The Republican Party’s Moral Disfigurement

Republicans may disagree with Trump in private, but they’ll never do so publicly.
Donald Trump
(Gage SkidmoreCC BY-SA 3.0)

In his recent opinion piece titled “What’s the Matter With Republicans?,” Peter Wehner considers the psychological reasons why Republicans continue to vociferously defend a man and president like Donald Trump (emphasis mine):

As a conservative-leaning clinical psychologist I know explained to me, when new experiences don’t fit into an existing schema — Mr. Trump becoming the leader of the party that insisted on the necessity of good character in the Oval Office when Bill Clinton was president, for example — cognitive accommodation occurs.

When the accommodation involves compromising one’s sense of integrity, the tensions are reduced when others join in the effort. This creates a powerful sense of cohesion, harmony and group think. The greater the compromise, the more fierce the justification for it — and the greater the need to denounce those who call them out for their compromise. “In response,” this person said to me, “an us versus them’ mentality emerges, sometimes quite viciously.”

[…]

Month after month, with one outrageous, norm-shattering comment or action giving way to another, Republicans who in the past could never have envisioned being Trump acolytes, have been ground down.
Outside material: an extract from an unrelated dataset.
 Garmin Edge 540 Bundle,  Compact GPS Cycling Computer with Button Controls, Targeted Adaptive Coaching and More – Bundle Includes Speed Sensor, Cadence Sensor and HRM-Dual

Accommodation has kicked in, which is a psychological relief to many of them. For those who view Mr. Trump as a model politician who voices their grievances and fights with a viciousness they have long hoped for from Republicans, the accommodation is not just a relief but a source of delight.
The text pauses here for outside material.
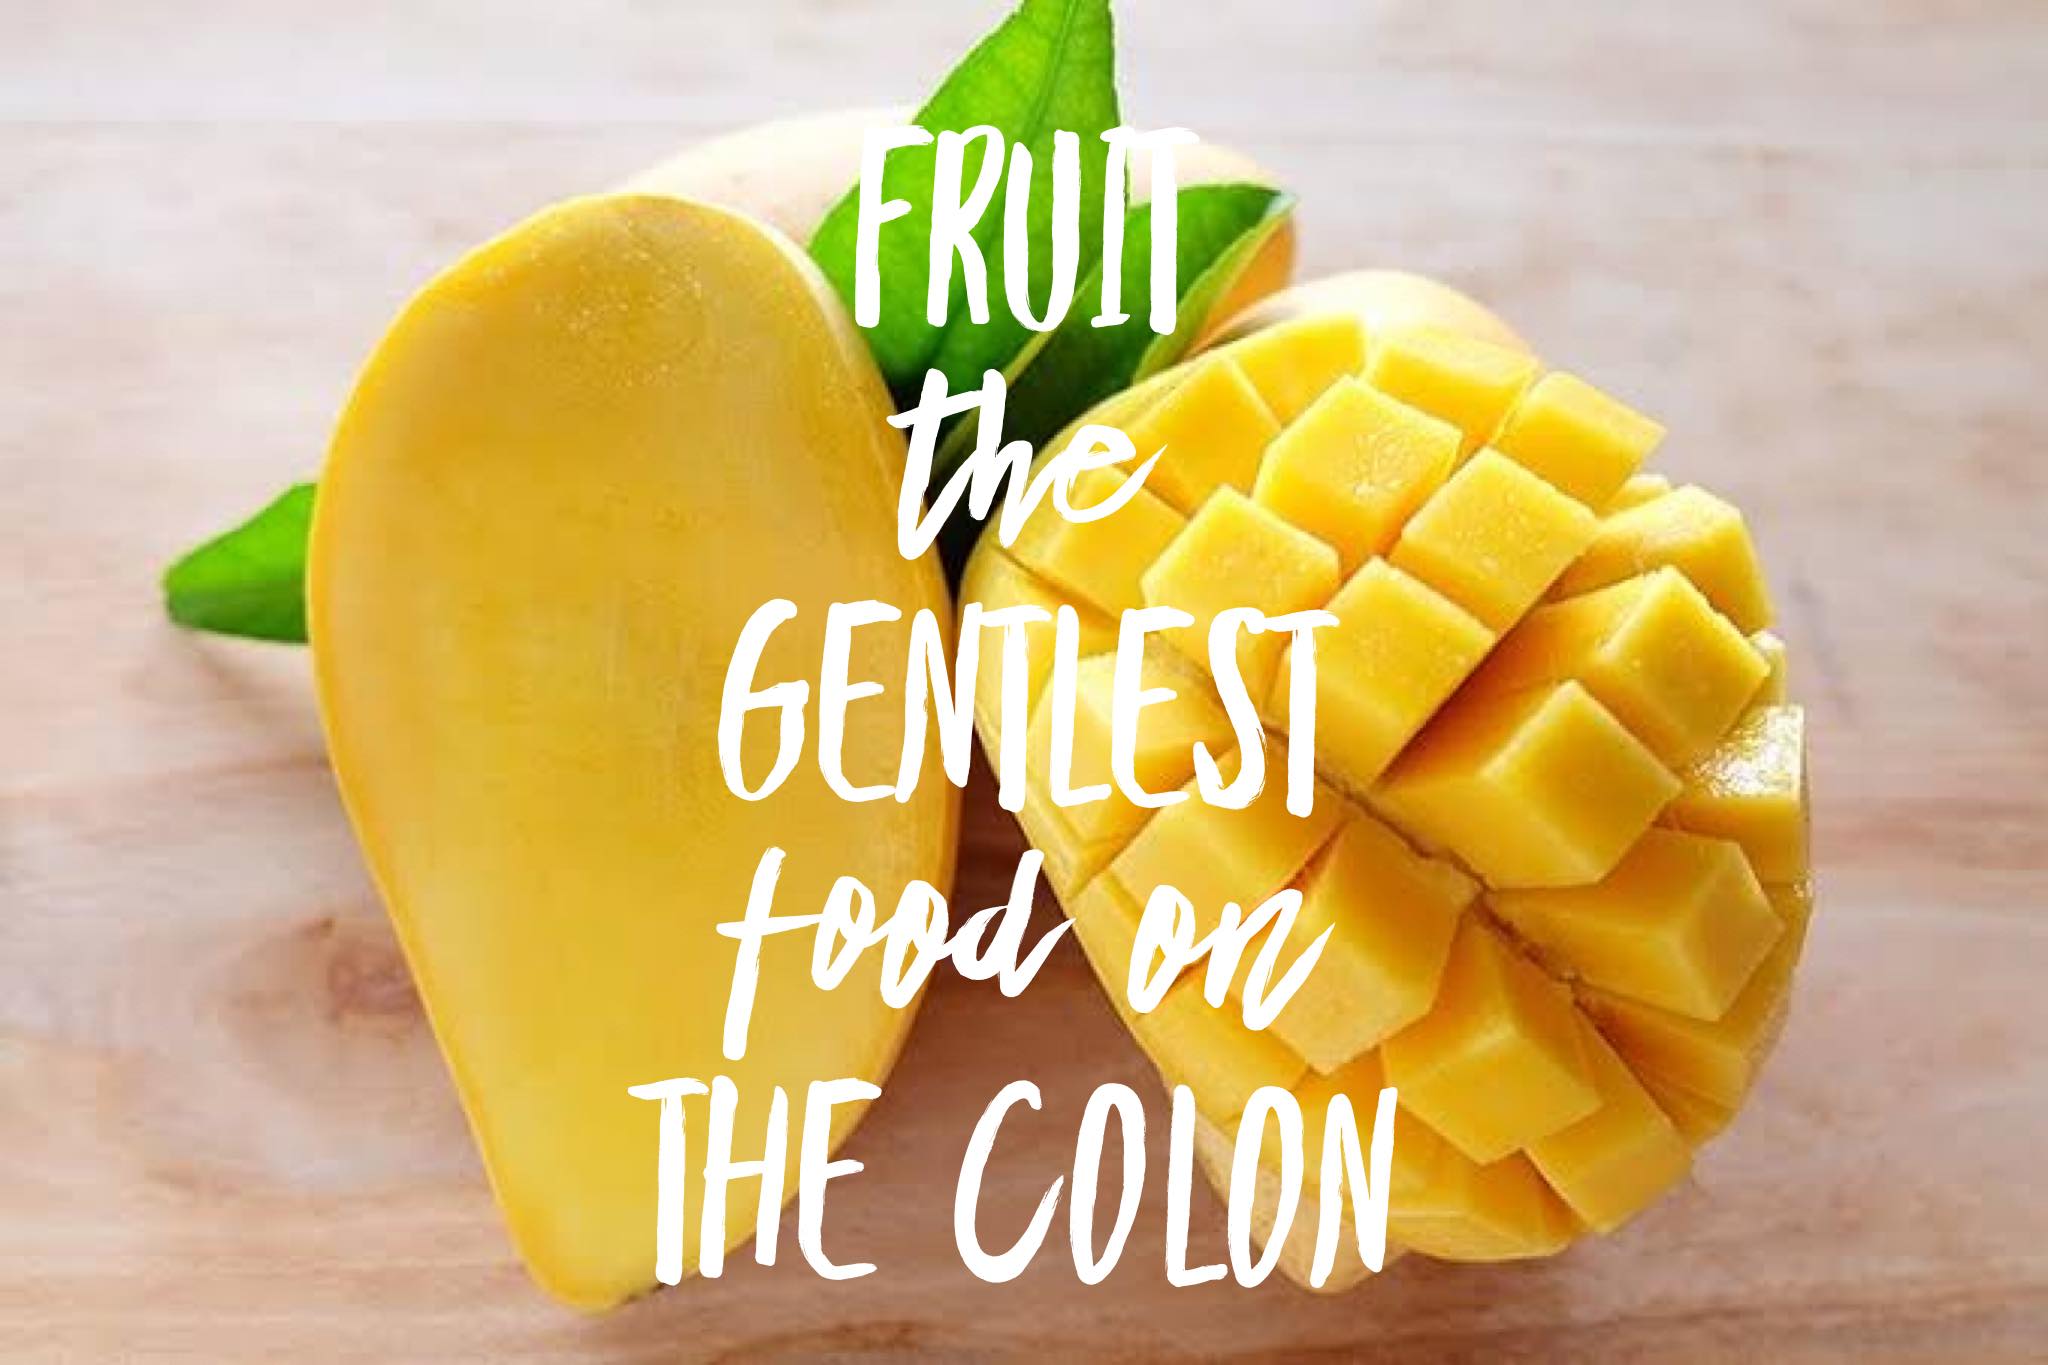 Fruit the gentlest food for colon health

As the psychologist I spoke to put it to me, many Republicans “are nearly unrecognizable versions of themselves pre-Trump. At this stage it’s less about defending Trump; they are defending their own defense of Trump.”

There are many things that frustrate me concerning the ongoing Republican support of Trump, and their blatant and feckless kowtowing to Trump’s ego, deceit, and cruelty is at the top of the list. Maybe they do disagree and dislike him in private, but if asked to stand up to him publicly in the light of day, when and where it really matters, they fold. Cowardly, self-serving opportunists, the lot of them. They’re scared of getting on Trump’s bad side and they’re scared of losing whatever power they’re clinging to, so they say and do whatever they have to in order to justify their cowardice.

I have no great love of the Democrats, who have their own issues, but Wehner’s right when he calls the Republican Party “morally disfigured.” They’ve sold their souls to Trump, and as a result, “they will pay a fearsome price generationally, demographically and, above all, morally.”